What about the example of vertbaudet?

A key component for vertbaudet was sentiment analysis, which enabled the company to gain deeper insights into customer satisfaction. Within just 8 months, vertbaudet collected more than 6,500 customer comments through surveys on their online shop and via marketing emails.

Here are a few improvements vertbaudet implemented based on the feedback:

  • Added more payment methods after continuous customer requests

  • Enabled guest checkout without requiring account registration

  • Introduced free shipping from €75, which reduced the number of complaints

  • Activated printable vouchers

After implementing these changes, vertbaudet was able to increase its NPS by 12 points and reduce customer service requests by 35%. Vertbaudet is another excellent example of a fully implemented closing-the-loop strategy.

Want to learn more about vertbaudet’s success story?  Then click here.

Conclusion: The Use of Effective Sentiment Analysis Pays Off

In conclusion, it is worthwhile for companies to invest in sentiment analysis. It enables the targeted collection of customer feedback and provides valuable insights to enhance the customer experience through customer comments. Overall, successful sentiment analysis helps strengthen relationships with customers and address their needs.

Frequently Asked Questions (FAQ) about Sentiment Analysis

What are the three types of sentiment analysis?

There are three main types:

  • Rule-based analysis uses manually defined dictionaries and rules.
  • Automated analysis is based on machine learning models.
  • Hybrid analysis combines both approaches for higher accuracy
What is the difference between NLP and sentiment analysis?

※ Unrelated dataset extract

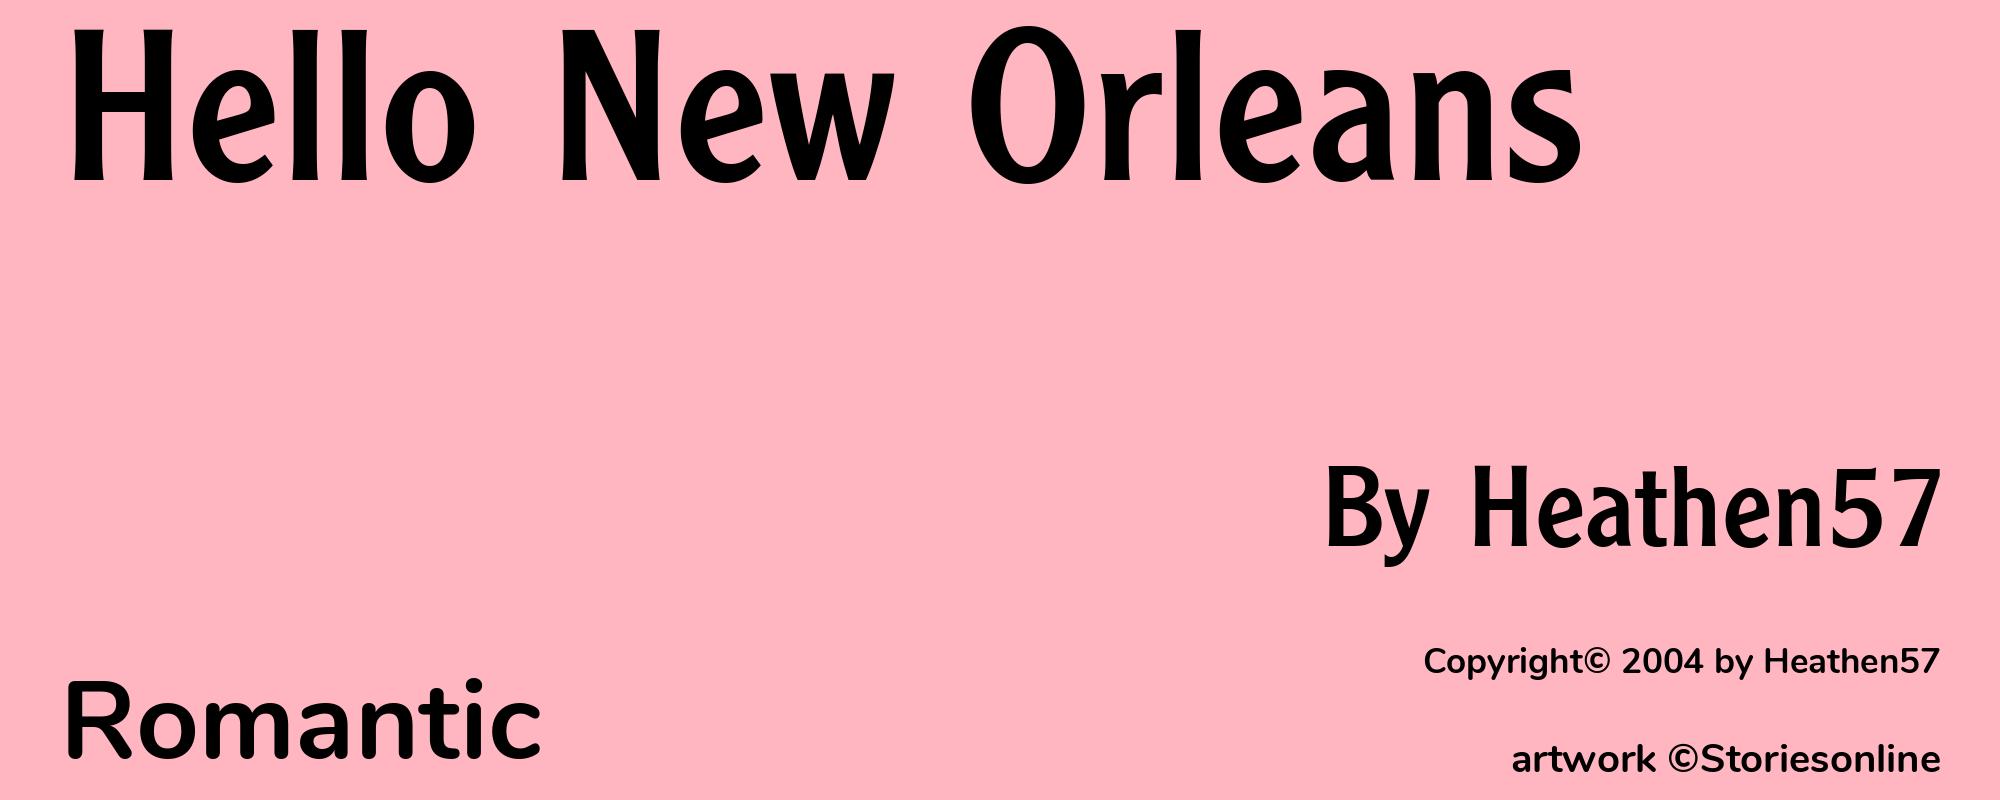 Hello New Orleans - Cover

NLP (Natural Language Processing) is the broader field that enables machines to understand human language. Sentiment analysis is a specific application of NLP focused on identifying the emotional tone (positive, neutral, negative) within texts.

What is emotion analysis and how does it differ?

Emotion analysis goes deeper than traditional sentiment analysis. It identifies specific emotions such as joy, anger, fear, or surprise — not just the overall sentiment.

Can I use ChatGPT for sentiment analysis?

Yes, ChatGPT can perform basic sentiment analysis, such as assessing individual statements. However, for large-scale, automated analysis, a specialized solution like zenloop is recommended.

How is sentiment measured in sentiment analysis?

Typically, numerical scores are used — for example, from -1 (negative) to +1 (positive). These values are generated by evaluating keywords, sentence structure, and context.

How do you start sentiment analysis in a company?

First, define your goal (e.g., improving customer satisfaction), select relevant data sources (e.g., customer feedback, social media), and use a suitable analysis tool — such as zenloop.